PERSONAL: Born 1951.

CAREER: Writer, journalist. Former television news correspondent. Has appeared on television and radio programs, including the Today Show, National Broadcasting Company (NBC), American Morning, Cable News Network (CNN), Real Time with Bill Maher, Hardball with Chris Matthews, Microsoft-National Broadcasting Company (MSNBC), CBS Evening News, Columbia Broadcasting System (CBS), Morning Edition, National Public Radio (NPR), and Air America Radio.

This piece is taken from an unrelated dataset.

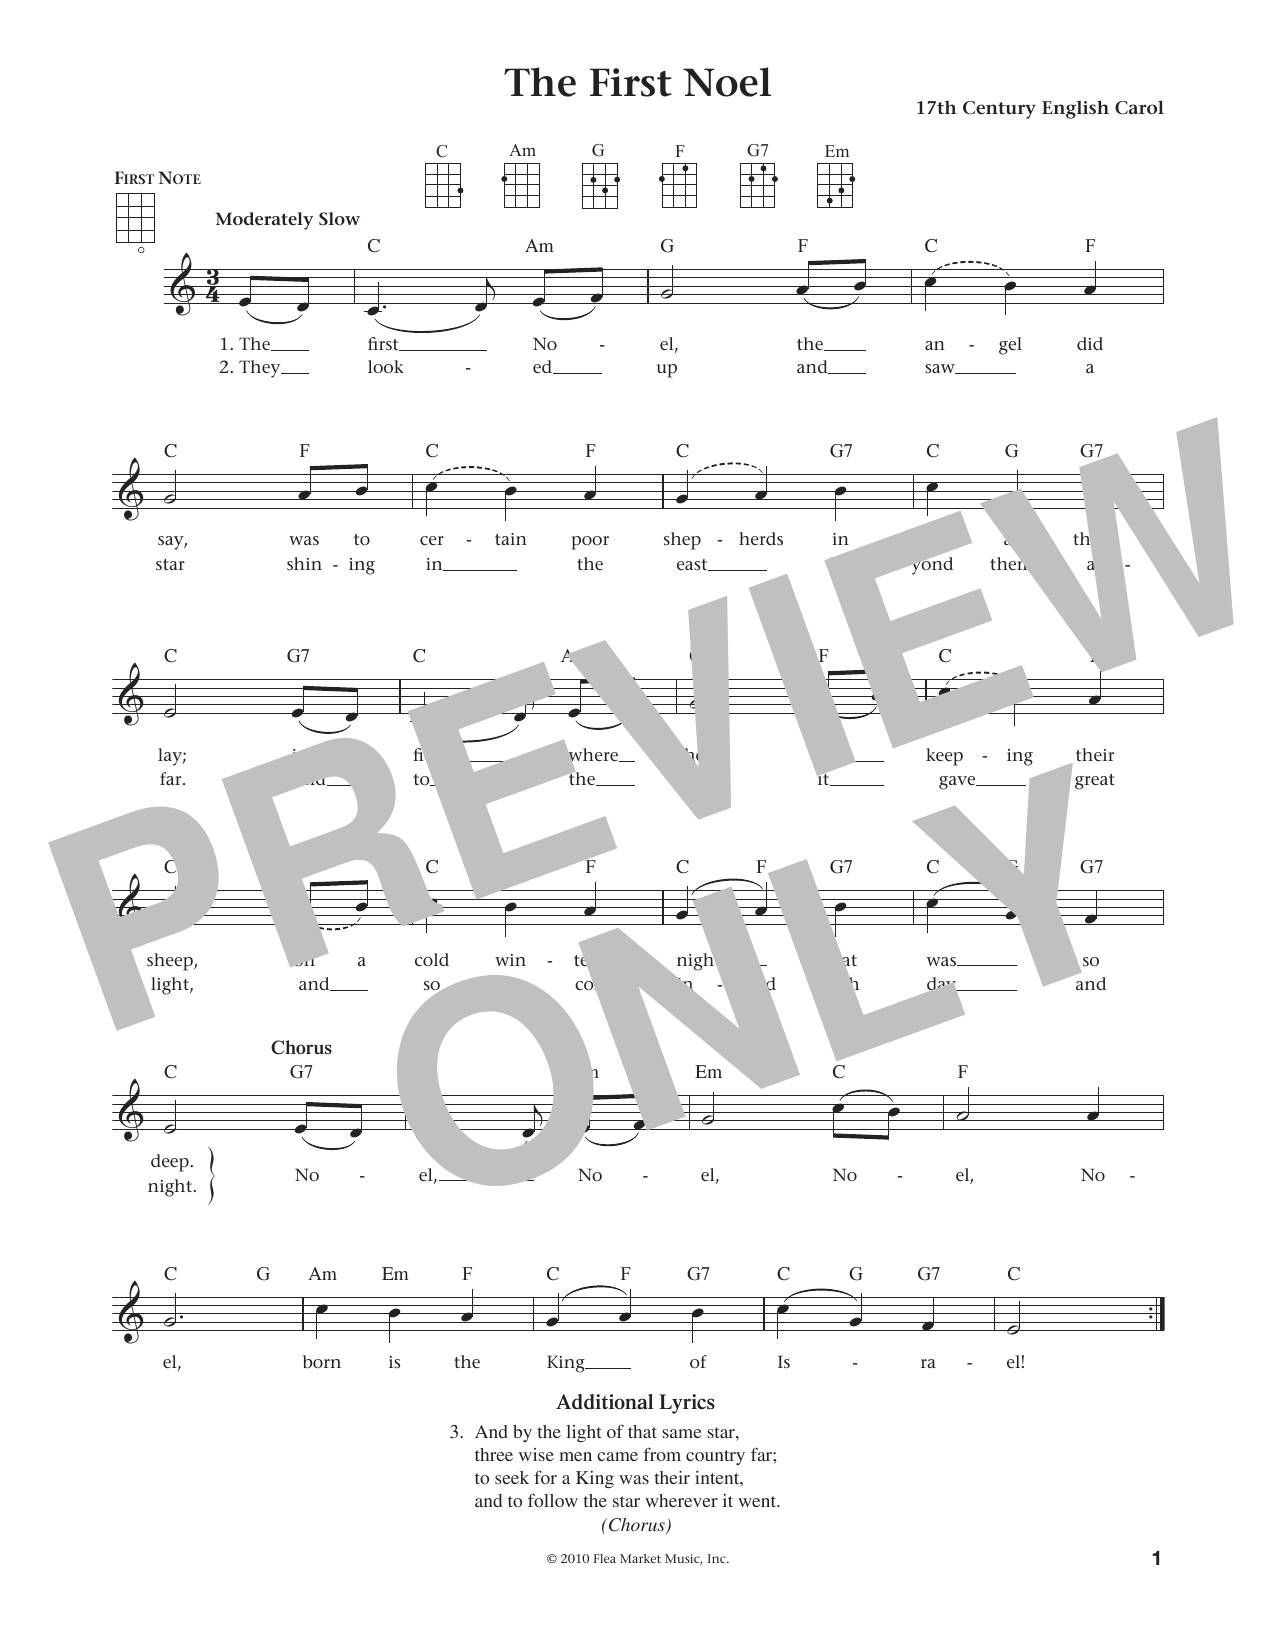 Download 17th Century English Carol The First Noel (from The Daily Ukulele) Sheet Music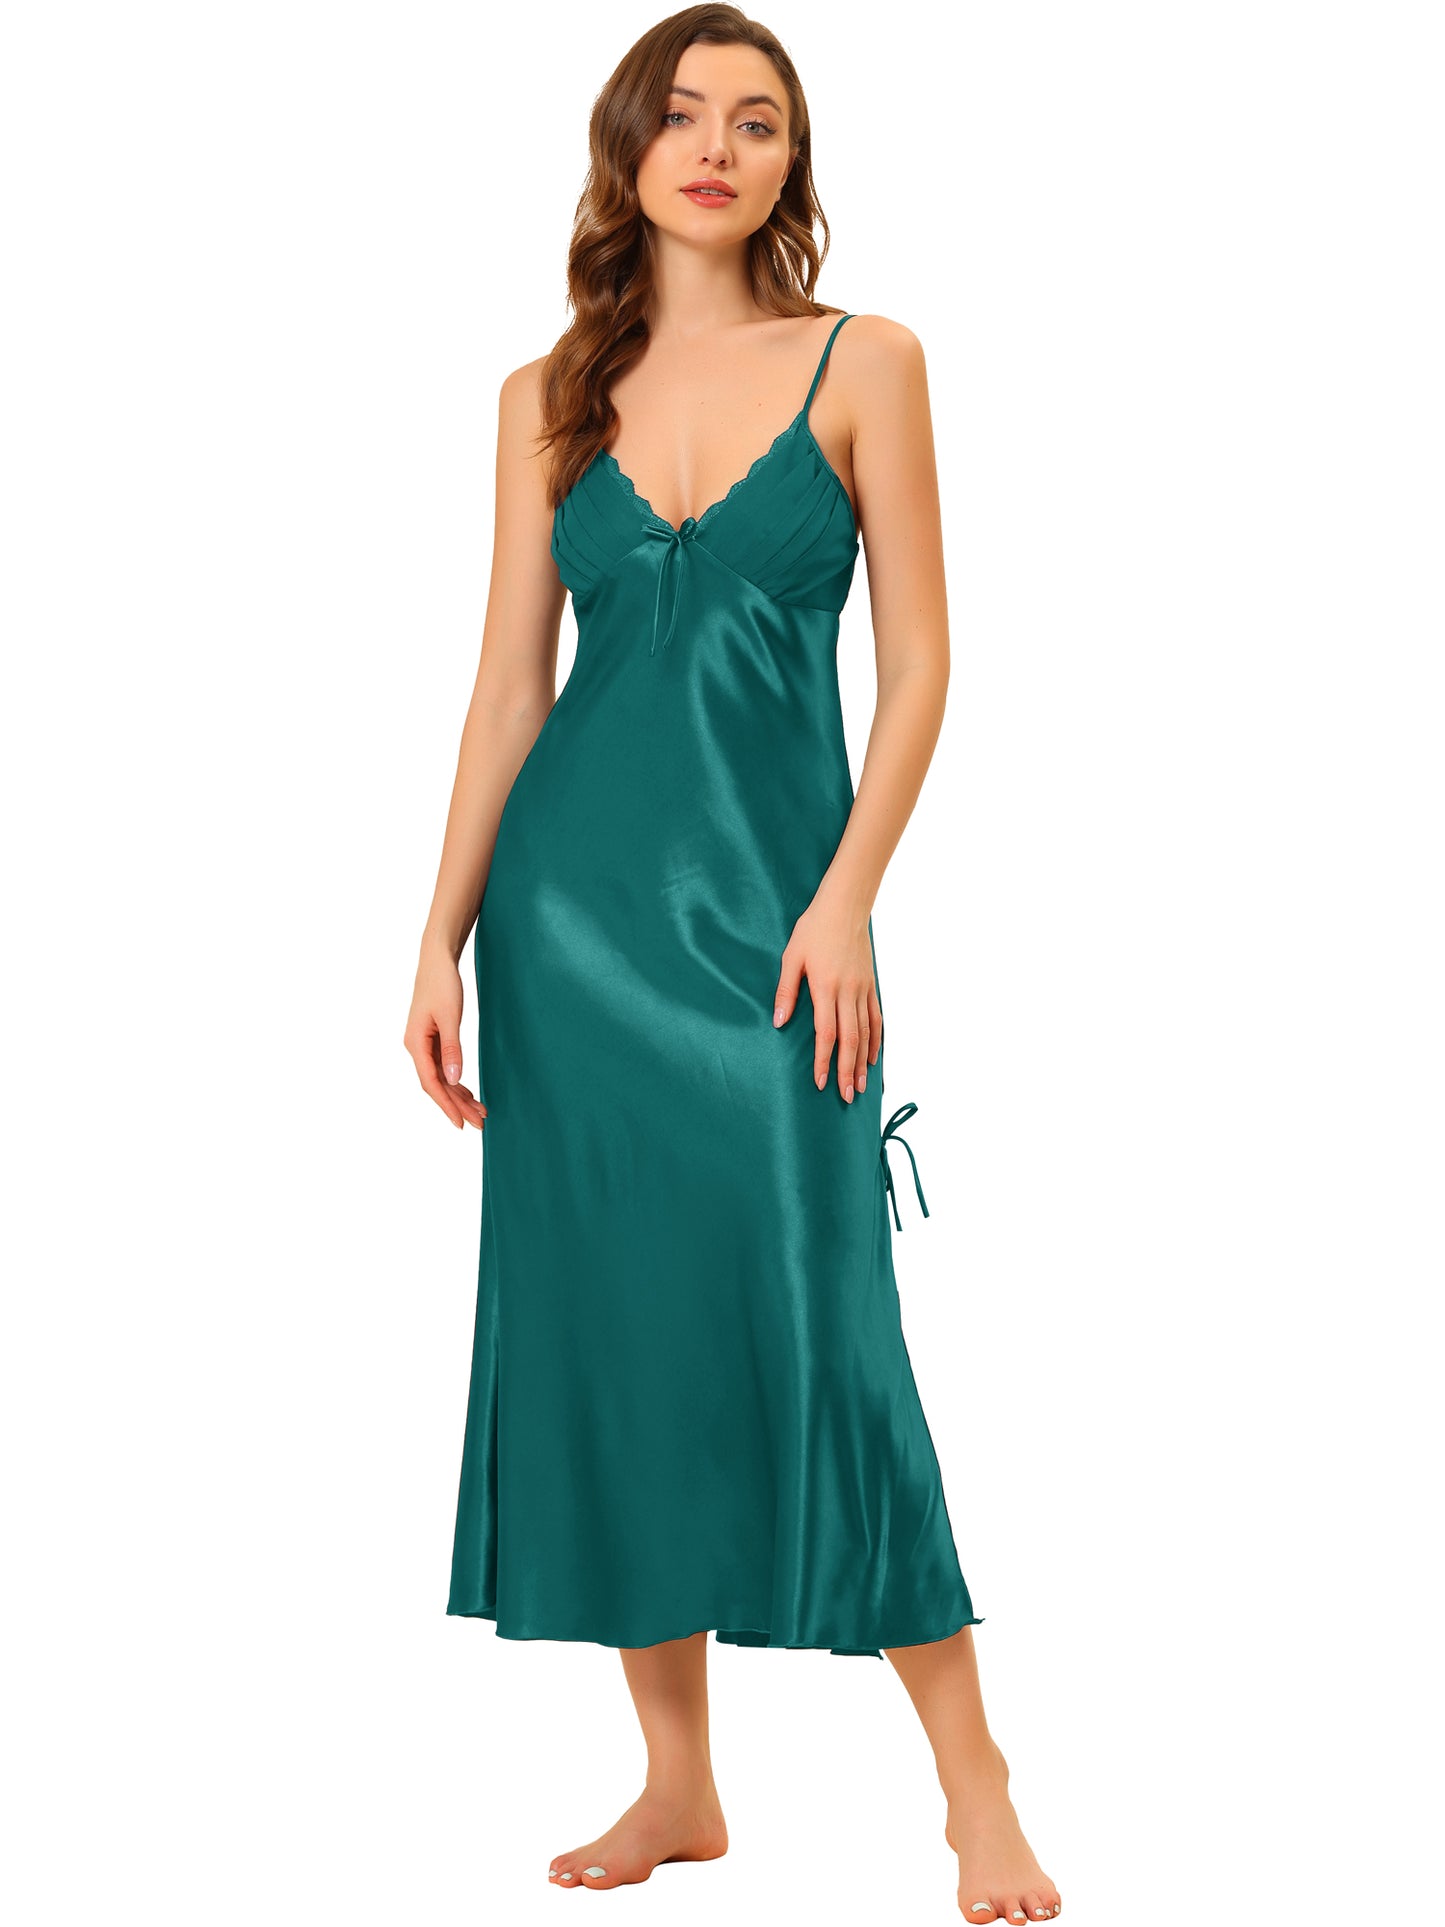 cheibear Satin Slip Dress Chemise Silky Lounge Camisole Maxi Nightgowns Peacock Green

AWARDS, HONORS: Emmy Award; Edward R. Murrow Award, Radio Television News Director’s Association; Individual Broadcast Achievement Award, Texas Headliner’s Foundation.

WRITINGS

NONFICTION

(With Wayne Slater) Bush’s Brain: How Karl Rove Made George W. Bush Presidential, John Wiley (New York, NY), 2003.

Bush’s War for Reelection: Iraq, the White House, and the People, John Wiley (New York, NY), 2004.

(With Wayne Slater) The Architect: Karl Rove and the Master Plan for Absolute Power, Crown (New York, NY), 2006.

(With Wayne Slater) Rove Exposed: How Bush’s Brain Fooled America, John Wiley (New York, NY), 2006.

Also author of Web log, James Moore, found on The Huffington Post Web site.

ADAPTATIONS: Bush’s Brain: How Karl Rove Made George W. Bush Presidential was adapted for a documentary film, 2004, by BB Productions, directed by Michael Paradies Shoob and Joseph Mealey.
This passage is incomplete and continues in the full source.